"Everybody understands the importance of sun protection except the ones that need it most -- our kids. The solution? Parents who drop it or the bird that drops its load," a narrator says at the beginning of the commercial.
Then a seagull drone is shown flying around on a beach, dropping that "load" onto children playing in the sand.
While the children and their parents in the commercial excitedly laugh and smile, viewers are criticizing the commercial, which was submitted to this year’s Cannes Lions advertising festival.
"It's the most stupid thing I think I've seen in my whole life," said John Hegarty, advertising executive, Cannes jury president and founder of the agency Bartle Bogle Hegarty. "I actually thought the Monty Python team had gotten together and entered it into (Cannes), to see if we would vote for it."

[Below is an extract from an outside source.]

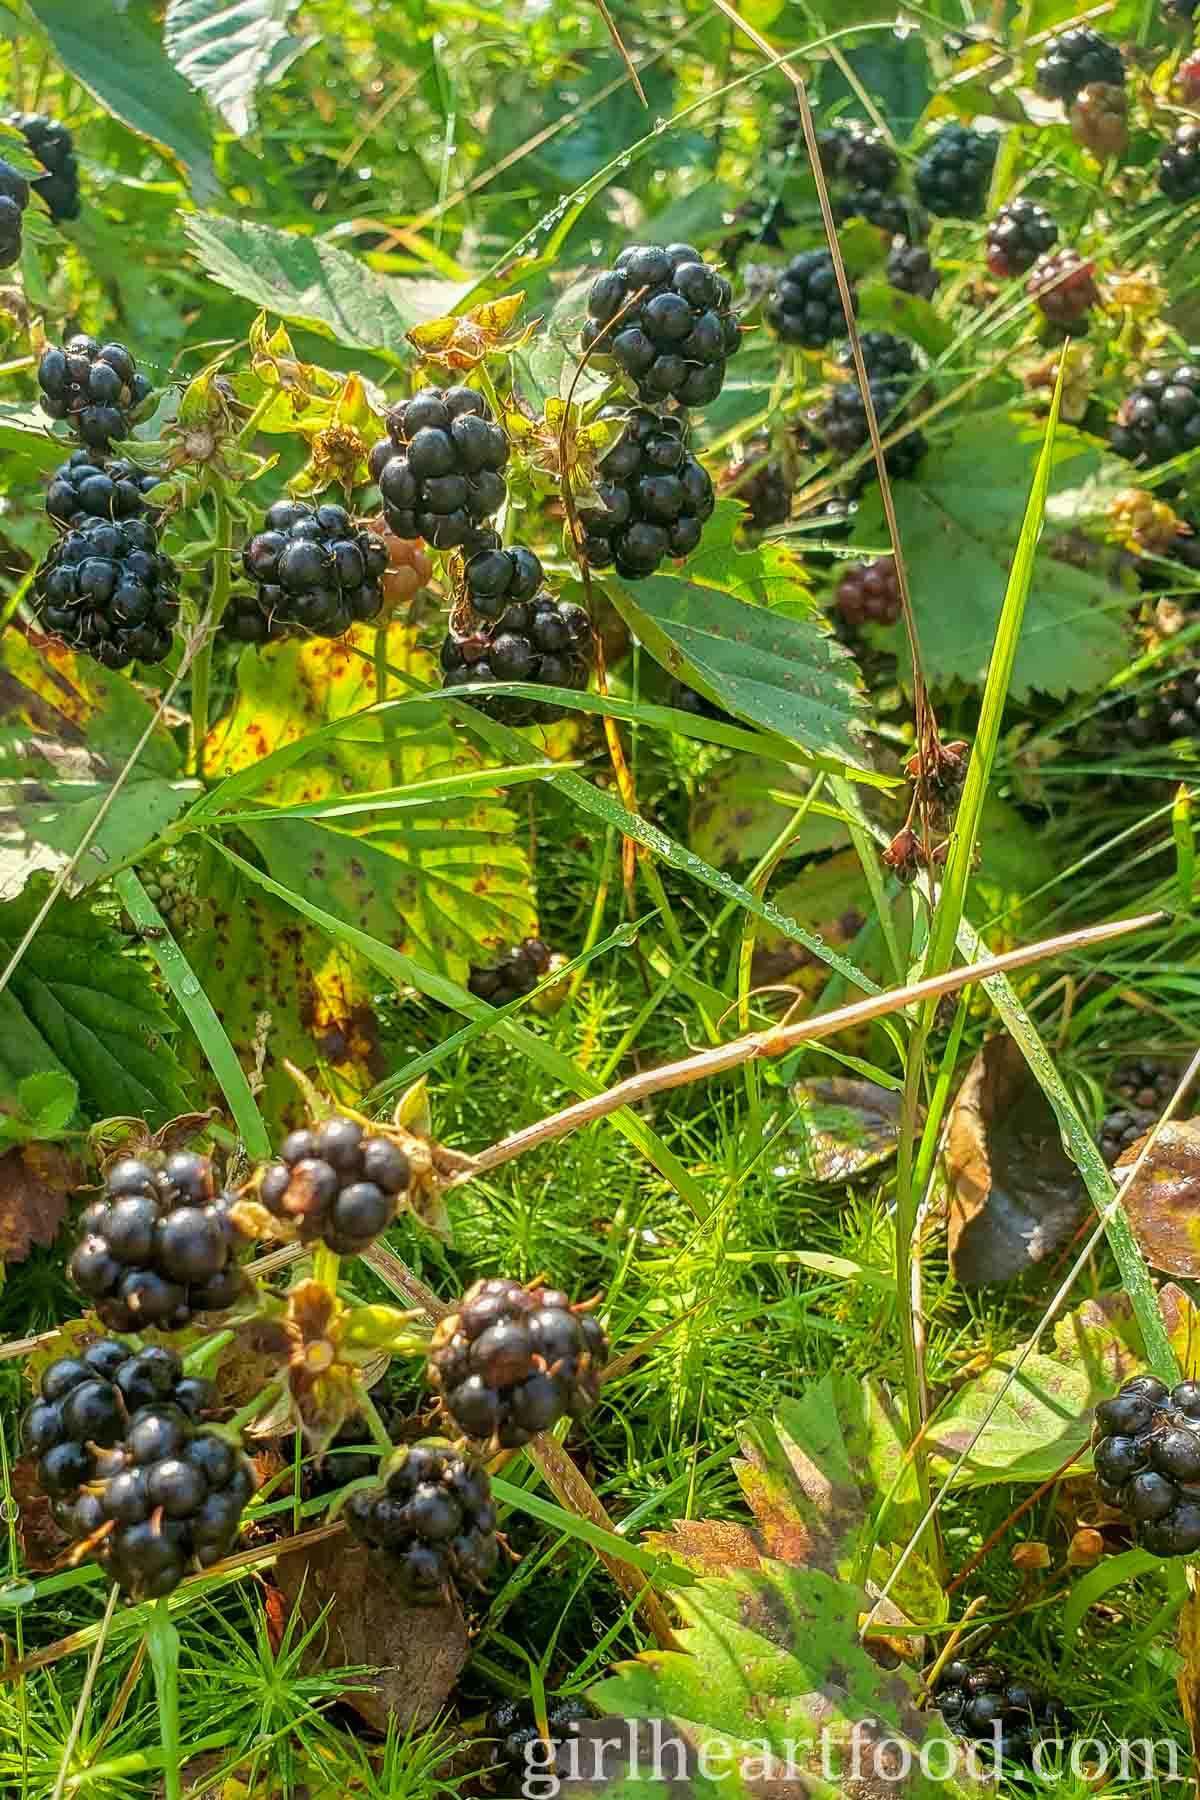 Wild blackberries on a bush.

Nivea teamed up with German ad agency Jon von Matt/Elbe to build the seagull drone, which nearby agency members directed toward unsuspecting children using a remote control. The workers crouched in nearby shrubbery as they used a device to detect which kids on the beach had already been smothered with sunscreen and which ones needed a dose from the bird.
"This is, without question, at the cutting edge of technology and brand integration," Hegarty said sarcastically at a press conference, according to Adweek.
Jung von Matt/Elbe told Adweek that the company isn't promoting the commercial, The Huffington Post reported.